Oldes: 14-Apr-2007	Isn't this a bug? >> parse [a/b] [a/b] Script Error: a has no value Near: parse [a/b] [a/b]
Oldes: 14-Apr-2007	I don't want the a to be evaluated in the parse rules!
Oldes: 14-Apr-2007	hm... ech.. I'm stupid.. normaly is evaluated as well, so it's not a bug.. but is there any way how to parse specific path! ?
Oldes: 14-Apr-2007	I mean: >> parse [a] ['a] == true >> parse [a/b] ['a/b] == false
ChristianE: 14-Apr-2007	>> parse [a/b] [(path: 'a/b) path] == true >> parse [a/c] [(path: 'a/b) path] == false
Gabriele: 14-Apr-2007	older versions did not evaluate paths. since newer version do, we need 'a/b to work. dunno if this is in RAMBO... but it needs to be fixed.
Oldes: 14-Apr-2007	Yes I know they were not evaluated before, but I'm not sure if it's not a feature, that they are evaluated now.
Oldes: 14-Apr-2007	I just think, that maybe it would be good to have parse [a/b] ['a/b] == true as is parse [a] ['a]
Oldes: 14-Apr-2007	..because it would not be useful anyway as I would have to write a special rule for each refinement.
Gabriele: 14-Apr-2007	it's not a bug that they are evaluated (in fact it was requested in a rambo ticket). it's a bug that - since now they are evaluated - lit-paths are not used to match paths.

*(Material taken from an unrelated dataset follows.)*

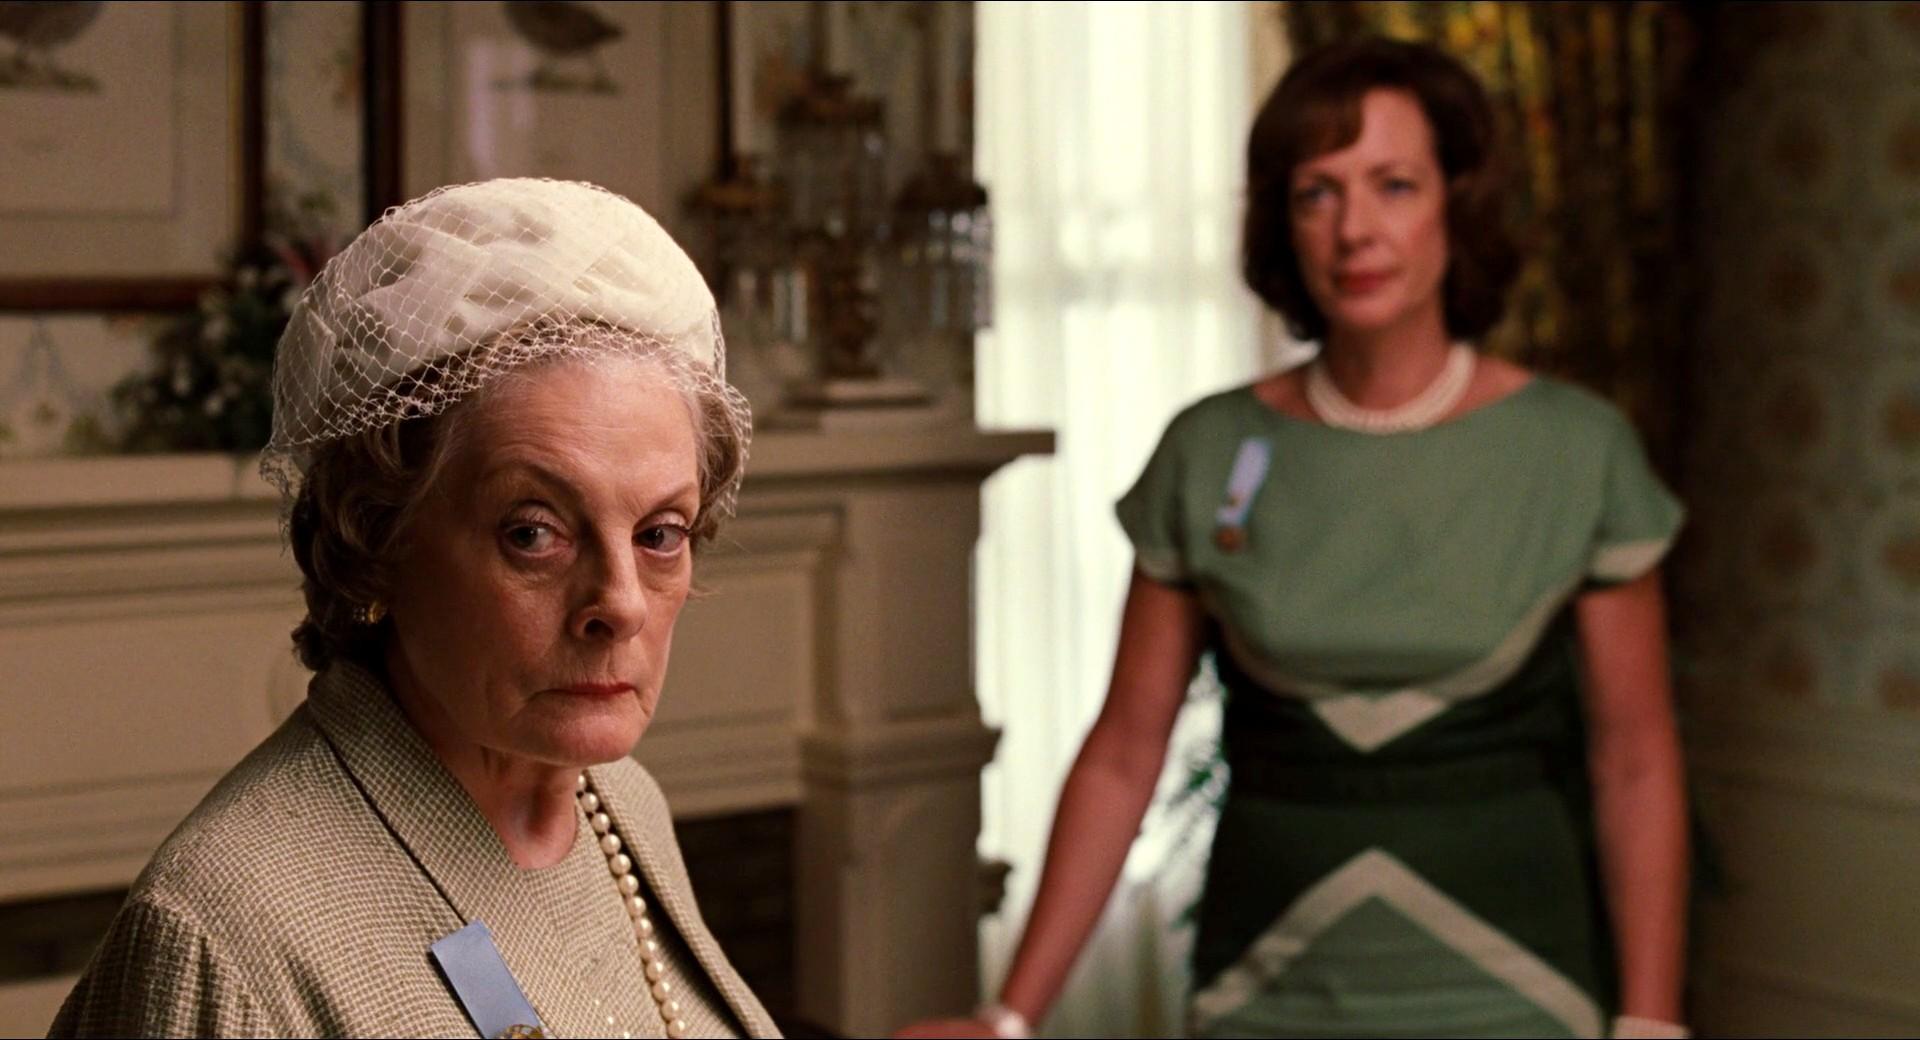 Lois Moran,Maja Salvador (b. 1988) Erotic tube Sheila Mercier (born 1919),Wendy Kaplan

Anton: 14-Apr-2007	Maybe if the result of parens were parsed, we could use a paren to evaluate a path (and don't use a paren to leave as is).
Gabriele: 16-Apr-2007	it looks like that 3.0 won't have a new parse, but i don't have any details and i'm just guessing.
PeterWood: 16-Apr-2007	Does that imply there won't be a Unicode Charset with which to parse unicode strings?
btiffin: 16-Apr-2007	There is going to be a unicode! datatype
Henrik: 17-Apr-2007	Perhaps vector! will play a part in solving the unicode problem
Gabriele: 17-Apr-2007	you can make a bitset with 65000 bits in r2... so why not in r3?
Pekr: 17-Apr-2007	I don't know, as for me, I just wanted to\|thru [a \| b \| c] :-)
Gabriele: 17-Apr-2007	we won't stop at 3.0... there will be a 3.1 and so on... at least we hope so :)
Rebolek: 24-May-2007	Is there some way to make this work: parse "aaa" [some "a" "a"] or PARSE just don't work this way?
Geomol: 24-May-2007	What do you mean? >> parse "aaa" [some "a"] == true Why the second "a"?
Geomol: 24-May-2007	Parsing for [some "a" "a"] will return false, because you've already parsed past the "a"s.
Geomol: 24-May-2007	A clumsy way of doing it: >> parse "aaa" [some "a" p: (p: skip p -1) :p "a"] == true
BrianH: 24-May-2007	parse "aaa" [some [p: "a"] :p "a"]
BrianH: 24-May-2007	Not in my version. The p is set before the position advances past the "a", so it is already back.
BrianH: 24-May-2007	The p is reset before "a" is consumed - that is why I put [p: "a"] in [].
BrianH: 24-May-2007	Interesting. It seems to be setting the last p before it fails on the last iteration of "a".
BrianH: 24-May-2007	Clearly I need a temporary.
BrianH: 24-May-2007	parse "aaa" [some [p1: "a" (p2: :p1)] :p2 "a"]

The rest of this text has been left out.